Crazy stuff is happening to me.. it's TOM and I'm all shaky and feel like I can eat a cow.    The weird thing is my pants fit looser today.    I'm going to take an extra rest day because of this shaky fealing.

The good thing is that I talked to my Dr and he said that I can increase my protein a bit more   He said to alternate 40p/40c/20f with 30p/50c/20f and see I how feel.


----------



## MaxMirkin (Oct 11, 2004)

Have you ever tried donkey anus?  It's a great source of protein, and ever so yummy.


----------



## Katia7 (Oct 11, 2004)

> Have you ever tried donkey anus? It's a great source of protein, and ever so yummy.
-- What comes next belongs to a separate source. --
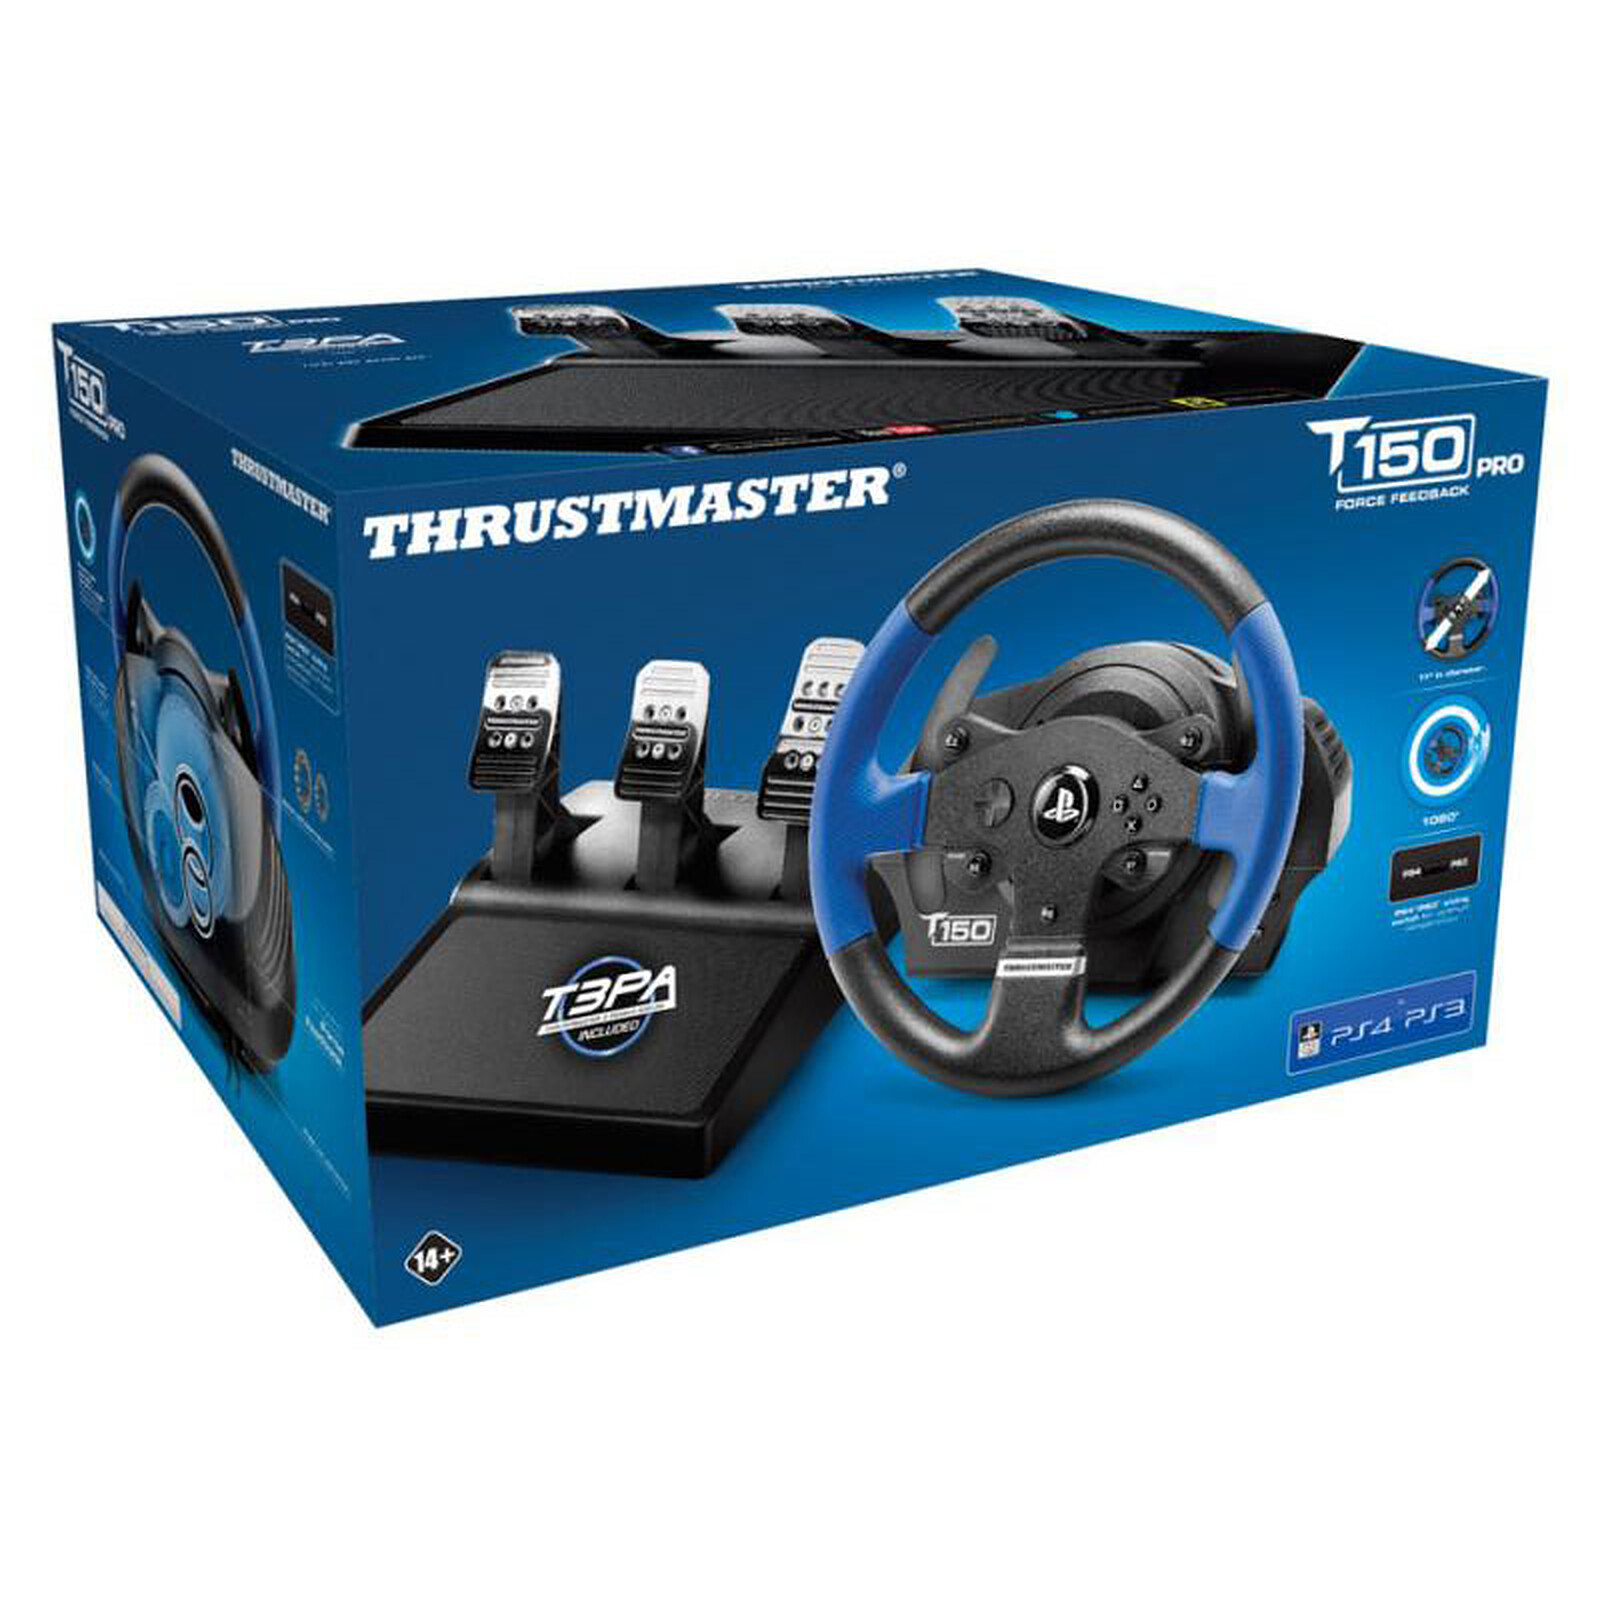 Thrustmaster T150 Pro Review

  I think I'll leave that one for you


----------



## MaxMirkin (Oct 11, 2004)

Katia7 said:
			
		

> I think I'll leave that one for you


lovely


----------



## Katia7 (Oct 11, 2004)

Well after a looooong confusing day I think I'm pretty sure now that I need to move to NY.  I decided not to take that job offer in FL since it was TOTALLY not what I want to do + everyone is telling me that FL is too quiet for me (I've never been there before, so I wouldn't know.) 
Either way I need to get out of here ASAP before I go completely crazy from boredome.  
There are weekends when I don't even feel like going out because every weekend it's the same-exact-thing.  boooorrrrrrriiiiiing!


----------



## greekblondechic (Oct 11, 2004)

omg! when r u moving! I am in nj, we will be neighbors..we can hang out! YAY!


----------



## Katia7 (Oct 12, 2004)

Hey hun 
It's all still under a question.  This is what I WANT but what I want doesn't always happened lol.  Mostly it depends on where I find a job.  But NY is my #1 choice so I'm looking mostly there.


----------



## greekblondechic (Oct 12, 2004)

NY has the most jobs, what field are you looking in? Check out all the websites! That's what I'm doing


----------



## Katia7 (Oct 12, 2004)

I'm looking for graphic design.
I'm online 24-7 because of that lol.  The hardest thing is that not all places would be willing to hire someon out of state  (too much trouble brining them in for an interview).
Which websites are you looking at?  I'm wondering if I'm missing any.


----------



## MaxMirkin (Oct 12, 2004)

New York is a big scary place, babe.  We eat young girls.......for breakfast, here.


----------



## Katia7 (Oct 12, 2004)

> New York is a big scary place, babe. We eat young girls.......for breakfast, here.


Awsome!   I'll join you!


----------



## MaxMirkin (Oct 12, 2004)

Katia7 said:
			
		

> Awsome!   I'll join you!


   Really?  You're into that sort of thing?..........so, any pics and/or videos?


----------



## Katia7 (Oct 12, 2004)

that's not exactly what I ment


----------



## MaxMirkin (Oct 12, 2004)

Katia7 said:
			
		

> that's not exactly what I ment


Spoilsport! And you got my hopes all up, too.


----------



## Katia7 (Oct 12, 2004)

hey... you should visit Detroit if you're into that sort of thing (A LOT of Russian lesbians)... they're all really nice too.


----------



## dschneid (Oct 13, 2004)

Katia7 said:
			
		

> ???can't have: protein shakes, eggs, oats, sweet potatoes, rice, corn, all dairy, cod fish, coffee, chocolate, lemons (I have food allergies to these foods... I guess since I ate them all the time)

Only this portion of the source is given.